*Material provided:*
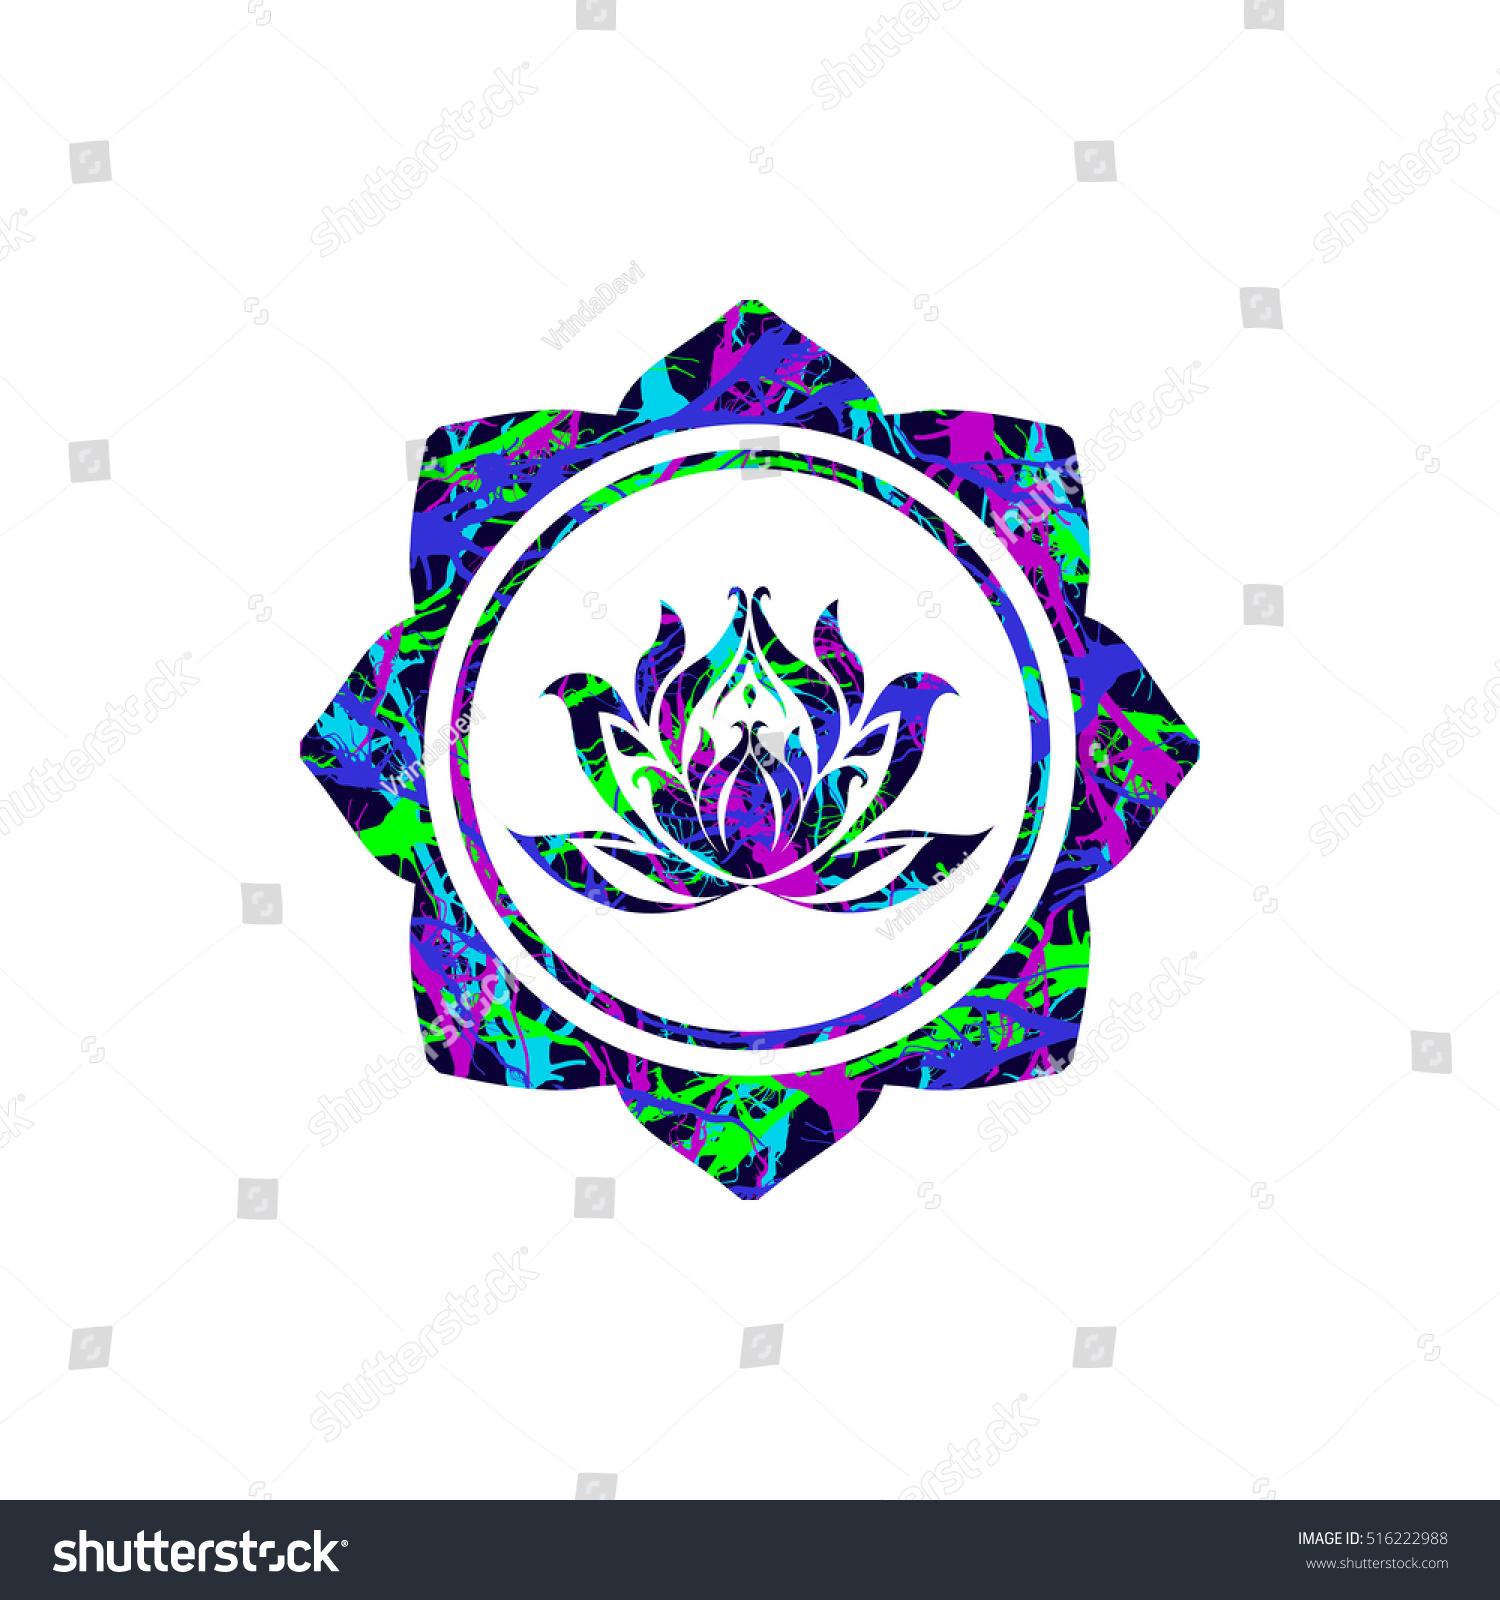 Royalty free lotus flower sign vector buddhist 516222988 stock lotus flower sign vector buddhist religious sacred symbol lotus illustration with oriental textured lotus mightylinksfo
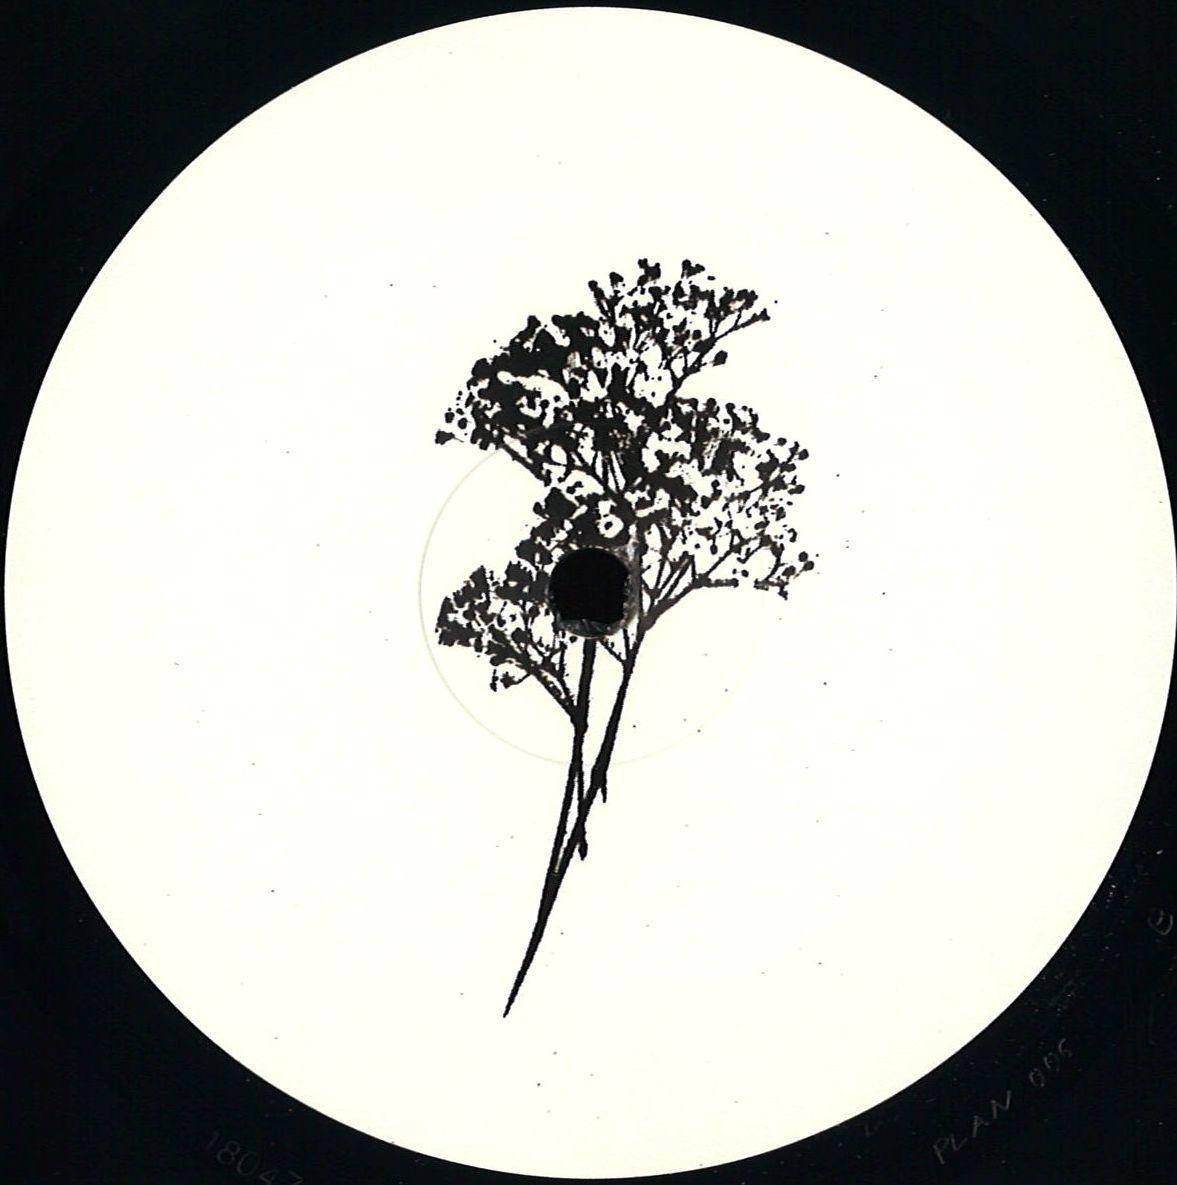 Uchi - Plangent #006 (Plangent Records)
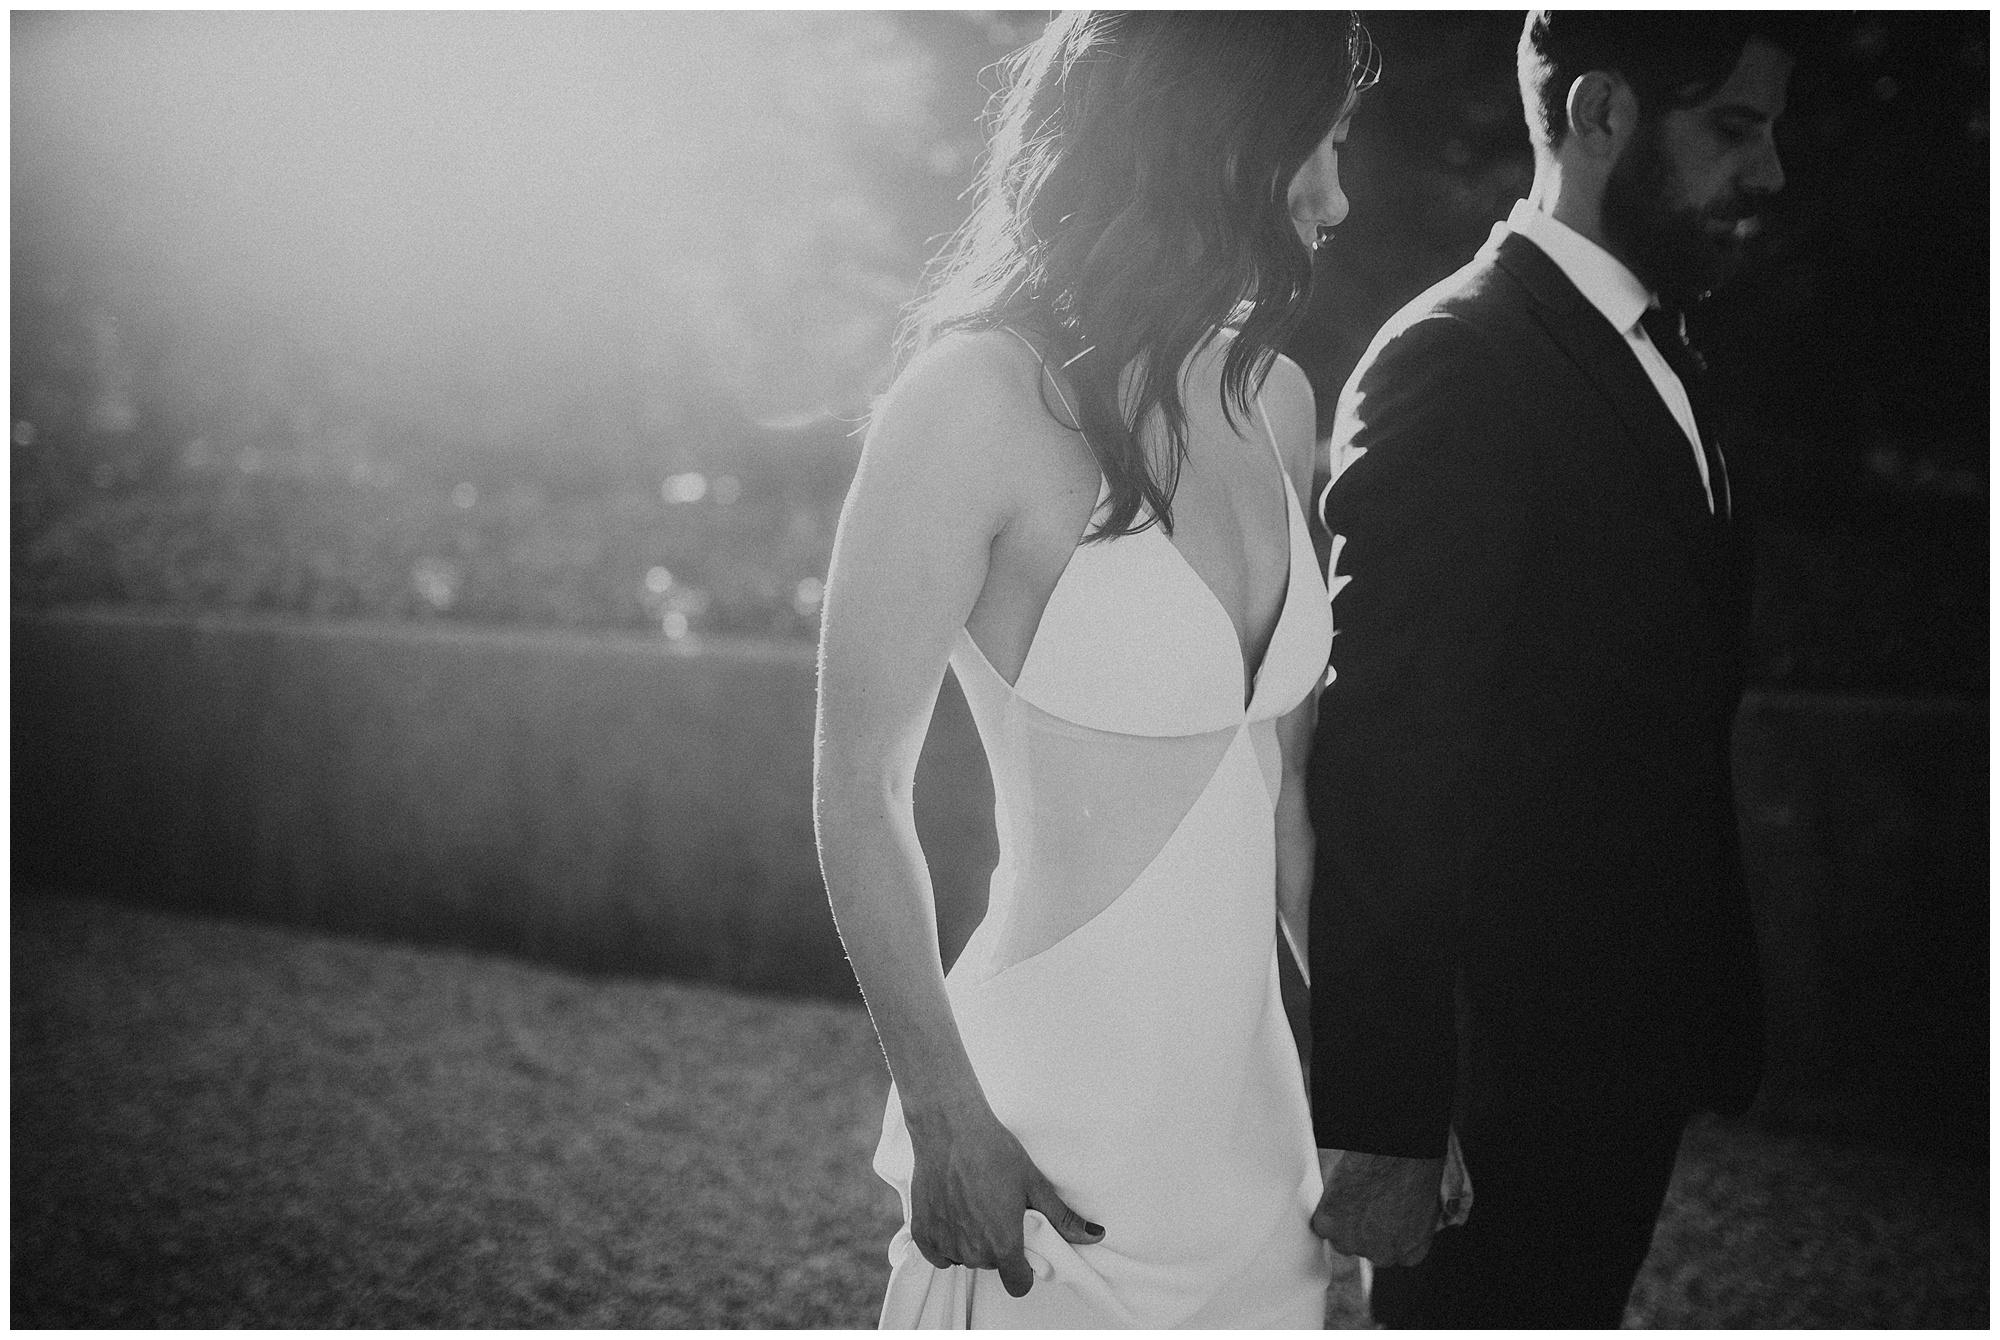 allerton_park_wedding_champaign_il_chicago_wright_photographs_ne_0097.jpg
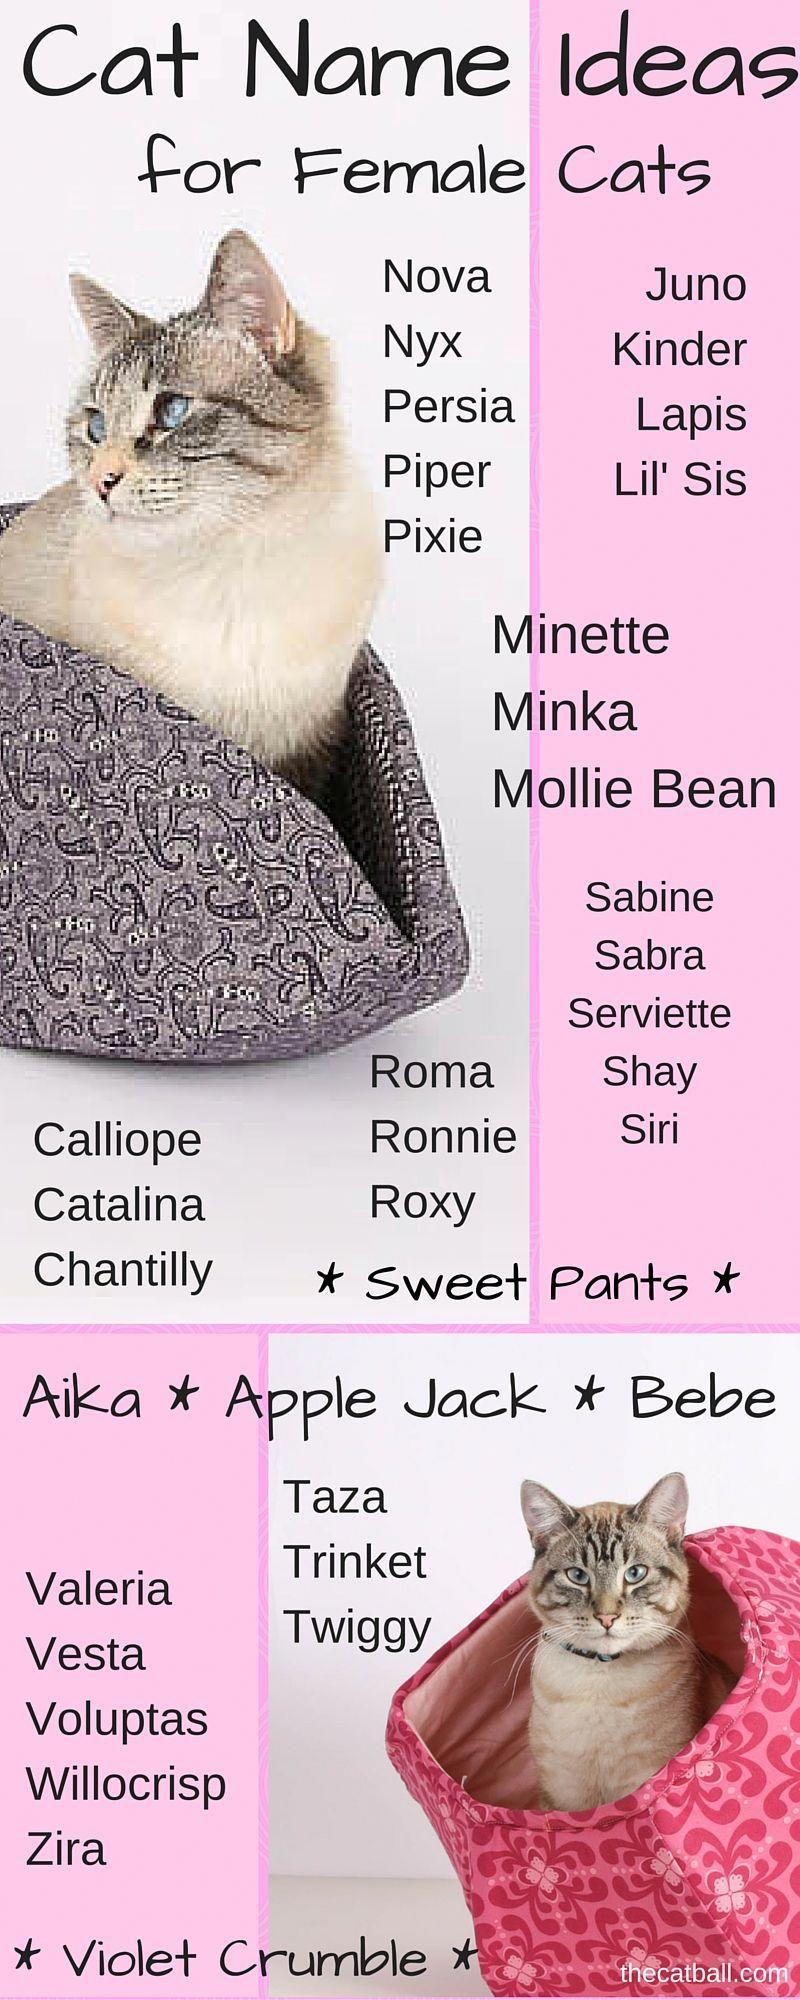 Cat Name Ideas For Female Cats Cat Names Kitten Names Cute Cat Names

*Problem:* Find the line containing "Uchi - Plangent #006 (Plangent Records)" and copy it and each line after it through the end of the material, exactly, with no pictures.

*Output of the exercise:*
 Uchi - Plangent #006 (Plangent Records)
 allerton_park_wedding_champaign_il_chicago_wright_photographs_ne_0097.jpg
 Cat Name Ideas For Female Cats Cat Names Kitten Names Cute Cat Names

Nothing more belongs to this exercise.